Roundtable Panelists:

Seth Cotlar is Professor of History at Willamette University, where he specializes in the history of the United States in the years between the American Revolution and the Civil War; among his many courses are the History of American Conservatism and the History of American Radicalism. His first book – Tom Paine’s America: The Rise and Fall of Trans-Atlantic Radicalism in the Early Republic – won the Best First Book Prize from the Society for Historians of the Early American Republic. He is currently working on a new book project, a cultural history of nostalgia in modernizing America, 1776-1865.
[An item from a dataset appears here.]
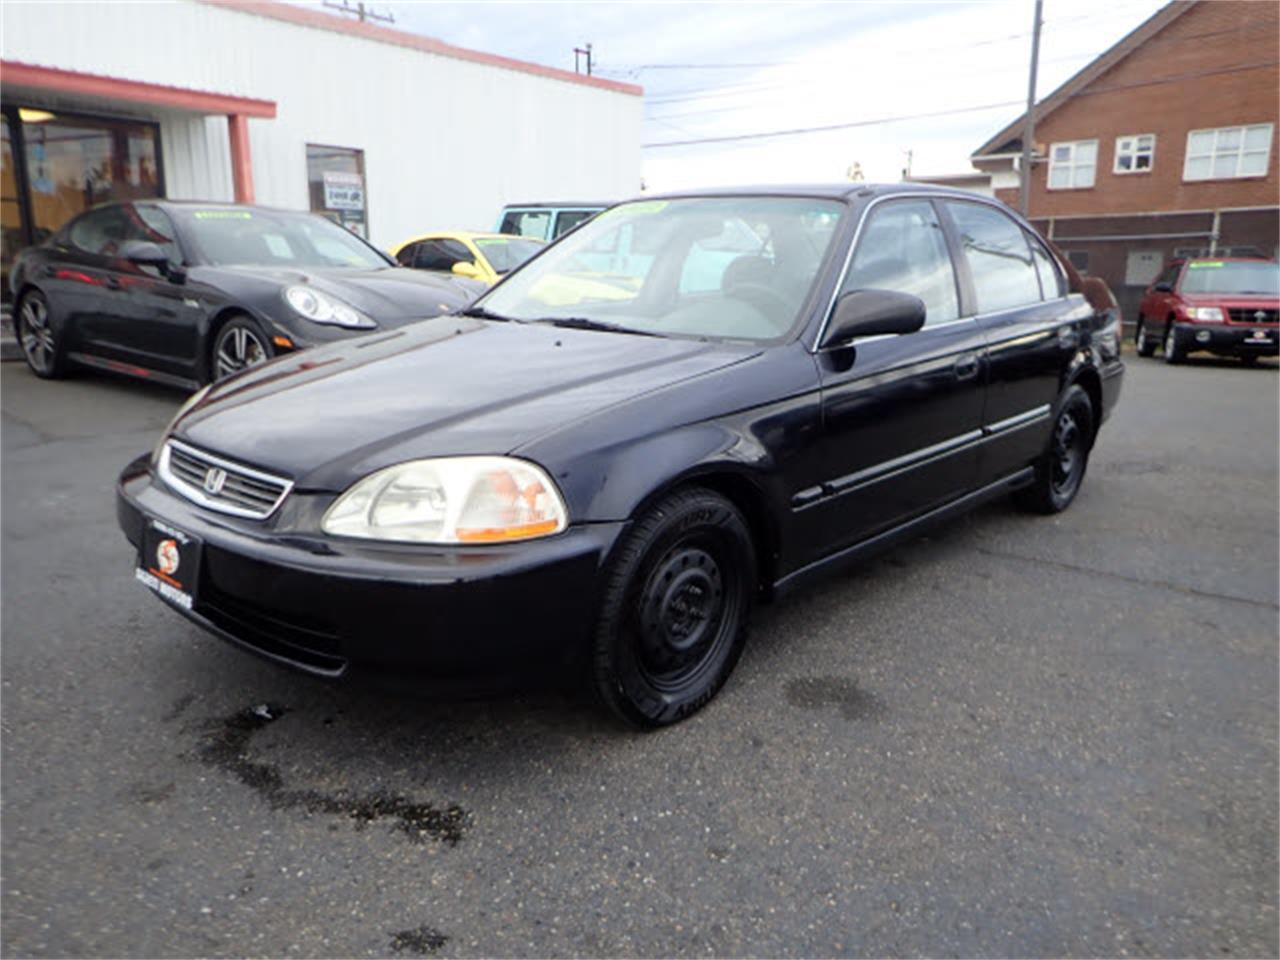 Civic Classic Sedan Black Olx: 1996 Honda Civic For Sale
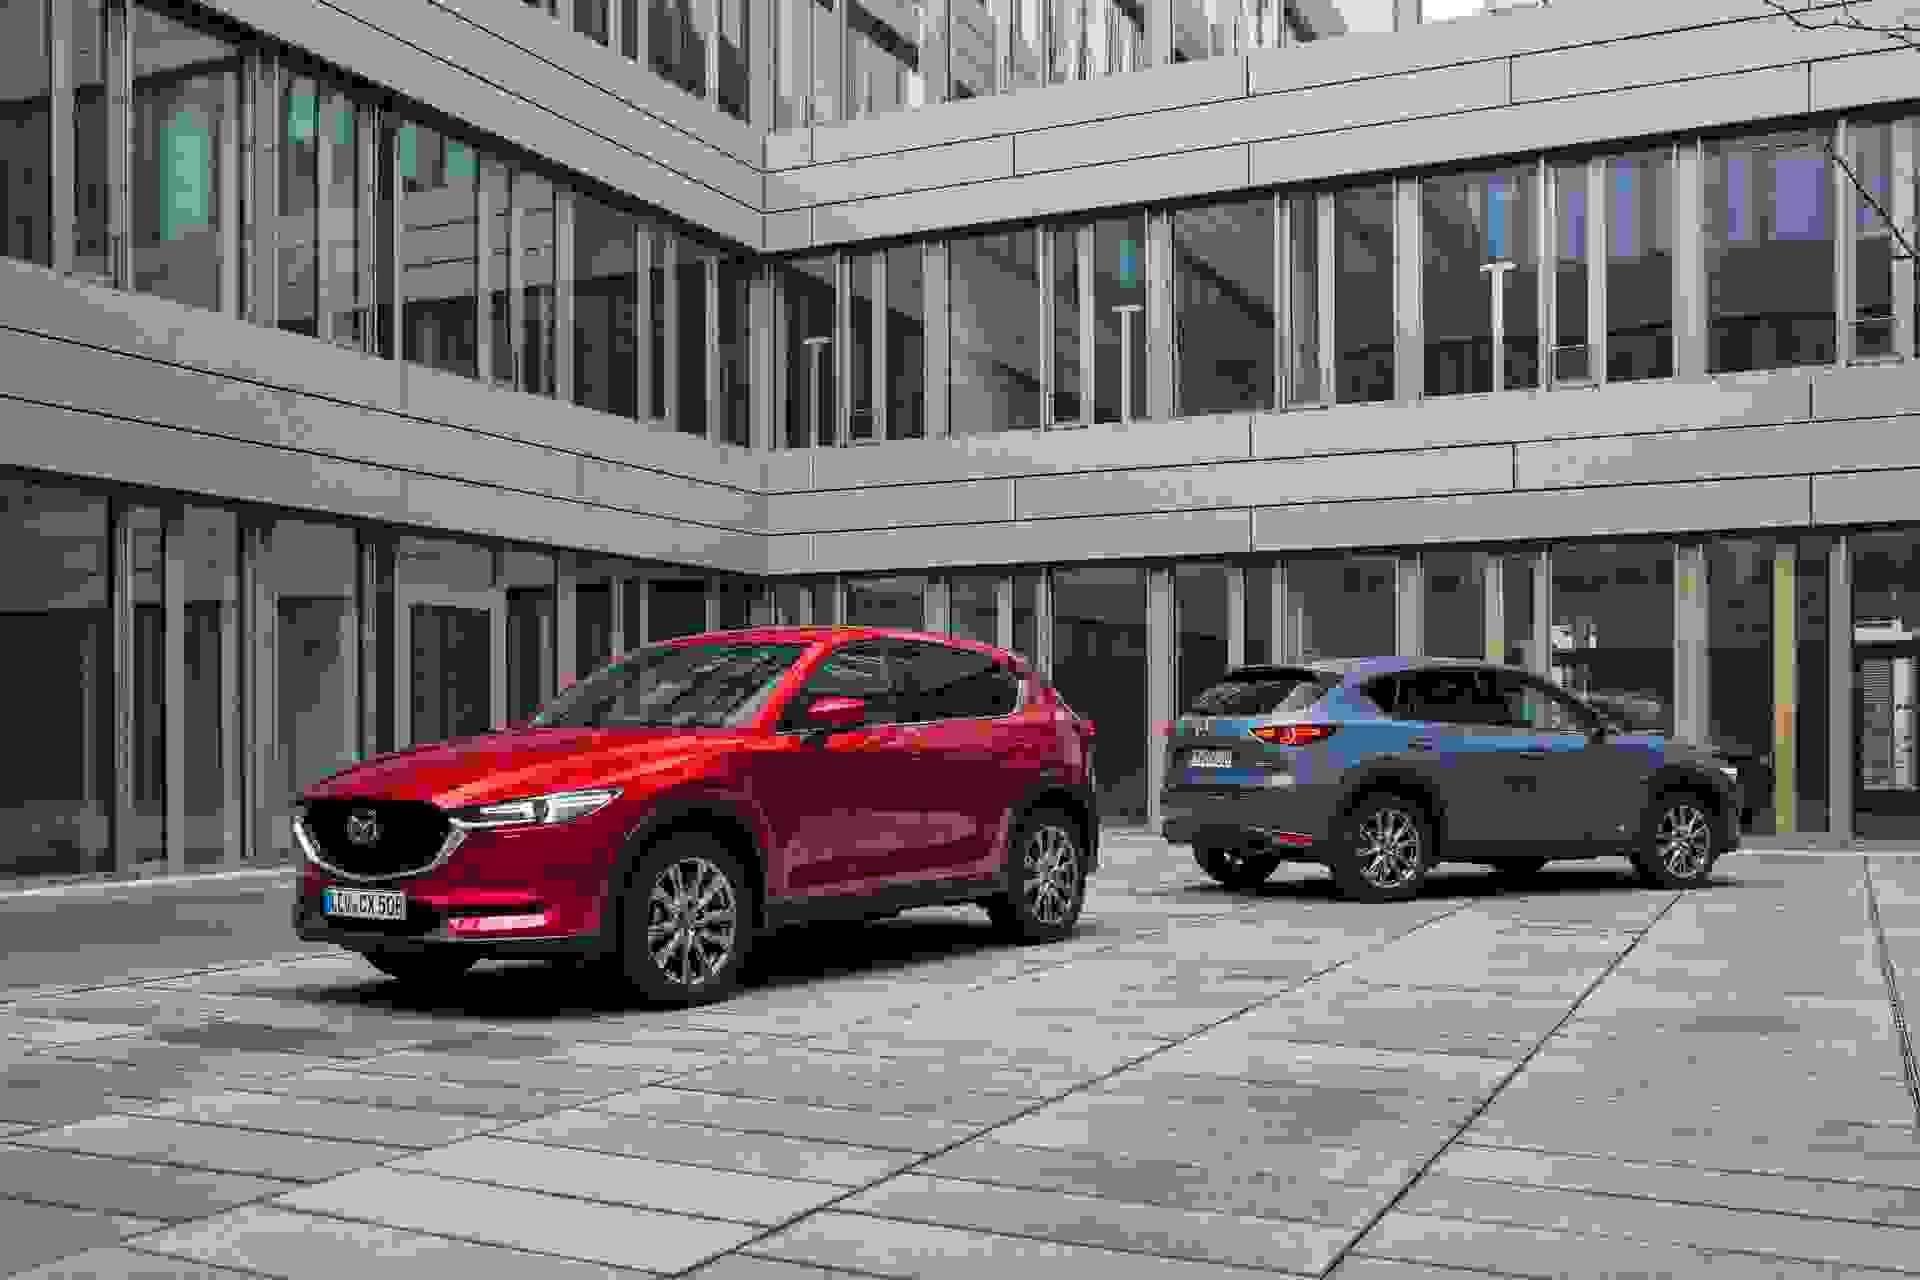 2021 Mazda CX 5 Germany Family Shot #1 Hires

Ellen Eisenberg is the Dwight & Margaret Lear Professor of American History at Willamette University.  Her research centers on the history of American immigrant and ethnic communities, particularly American Jewish communities.  Her published work includes  Jewish Agricultural Colonies in New Jersey, 1882-1920 (1995) The First to Cry Down Injustice? Western Jews and Japanese Removal during WWII (2008), a National Jewish Book Award finalist, Jews of the Pacific Coast: Reinventing Community on America’s Edge (2010), co-authored with Ava Kahn and Bill Toll, and a two-volume history of Jews in Oregon: Embracing a Western Identity: Jewish Oregonians 1849-1950 (2015) and The Jewish Oregon Story, 1950-2010 (2016).

Richard J. Ellis is the Mark O. Hatfield of Politics at Willamette University. Among his many books are The Development of the American Presidency (2015, 2nd ed), Judging the Boy Scouts of America: Gay Rights, Freedom of Association, and the Dale Case (2014), Presidential Travel: The Journey from George Washington to George W. Bush (2008), and To the Flag: the Unlikely History of the Pledge of Allegiance (2005). In 2008 he was named the Carnegie Foundation for the Advancement of teaching Oregon Professor of the Year.

Details

History in the News is FREE and open to the public.